Im Beschwerdefall wurde dem (damaligen) Vertreter des Bf mit Schreiben vom 12. Juli 2004 (sohin innerhalb der Verjährungsfrist) nachweislich eine Kopie des Gesamtaktes mit der - mit dem Tatvorwurf des erstinstanzlichen Straferkenntnisses insoweit gleich lautenden - Aufforderung zur Rechtfertigung übermittelt.
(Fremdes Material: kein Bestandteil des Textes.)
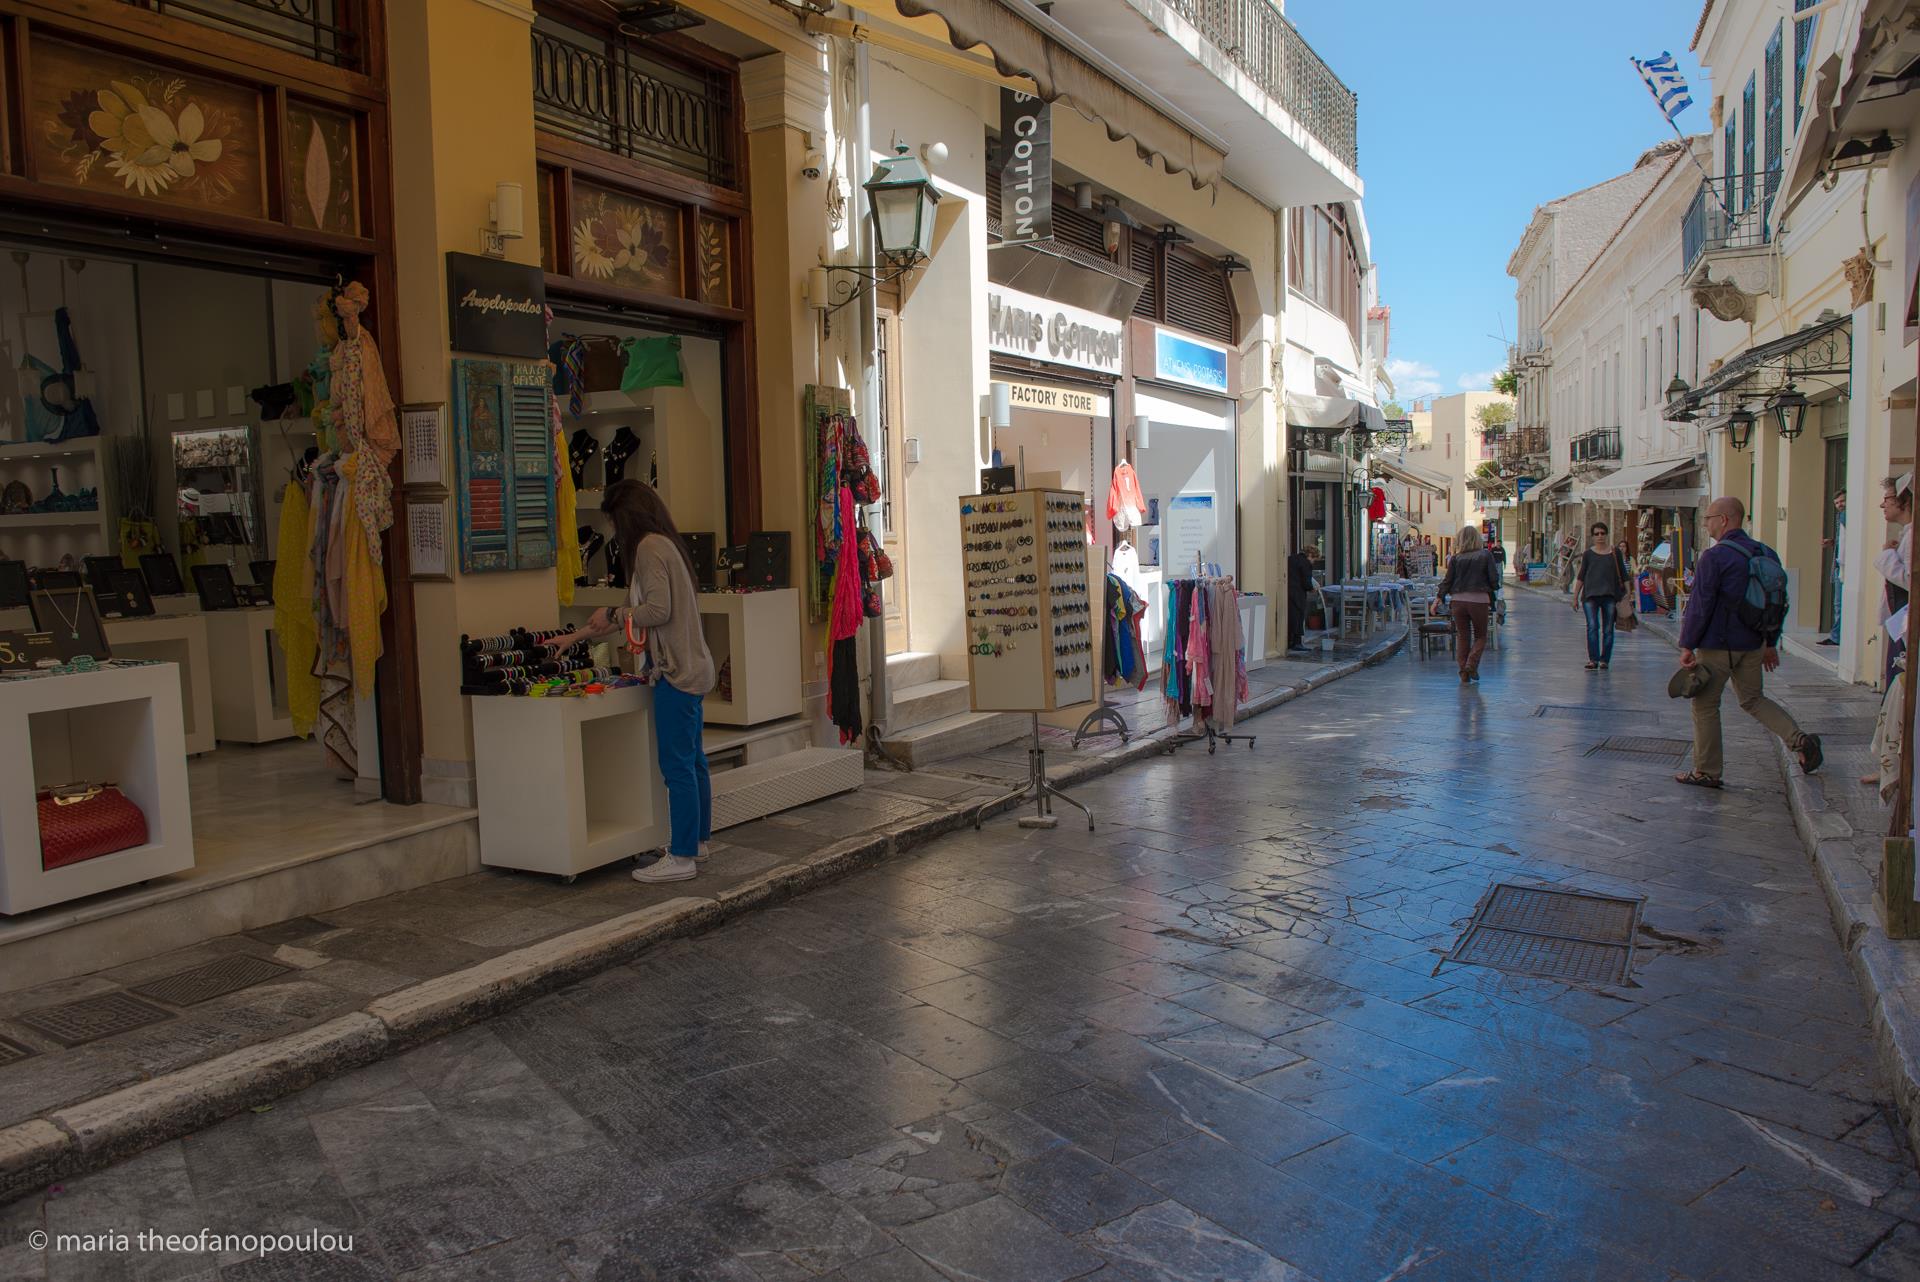 Andrianou Street in Plaka PLAKA (City quarter) ATHENS

Zum Inhalt der Anzeige gehörten aber auch die im Zuge der dort näher dargestellten Amtshandlung anlässlich der technischen Überprüfung des Lkws samt Anhänger erstatteten Gutachten der Bundesprüfanstalt für Kraftfahrzeuge vom 9. Februar 2004 (beide Gutachten sind als "Beilage" zur Anzeige angeführt und dieser angeschlossen), die in der Begründung der Anzeige als Grundlage für die vorgeworfenen Mängel der überprüften Fahrzeuge und für die Untersagung der Weiterfahrt herangezogen wurden.

 

Ausgehend von den oben wiedergegebenen Grundsätzen entspricht die dem Bf zu Handen seines Rechtsvertreters als Anlage zum Schreiben vom 12. Juli 2004 zur Kenntnis gebrachte Anzeige samt Beilagen den Anforderungen, die § 44a Z 1 VStG betreffend die Individualisierung der als erwiesen angenommenen Tat stellt. Es lag somit eine ausreichend konkretisierte Verfolgungshandlung iSd § 32 Abs 2 VStG vor und der Tatzeitpunkt 9. Februar 2004 erweist sich schon deshalb als verfolgt.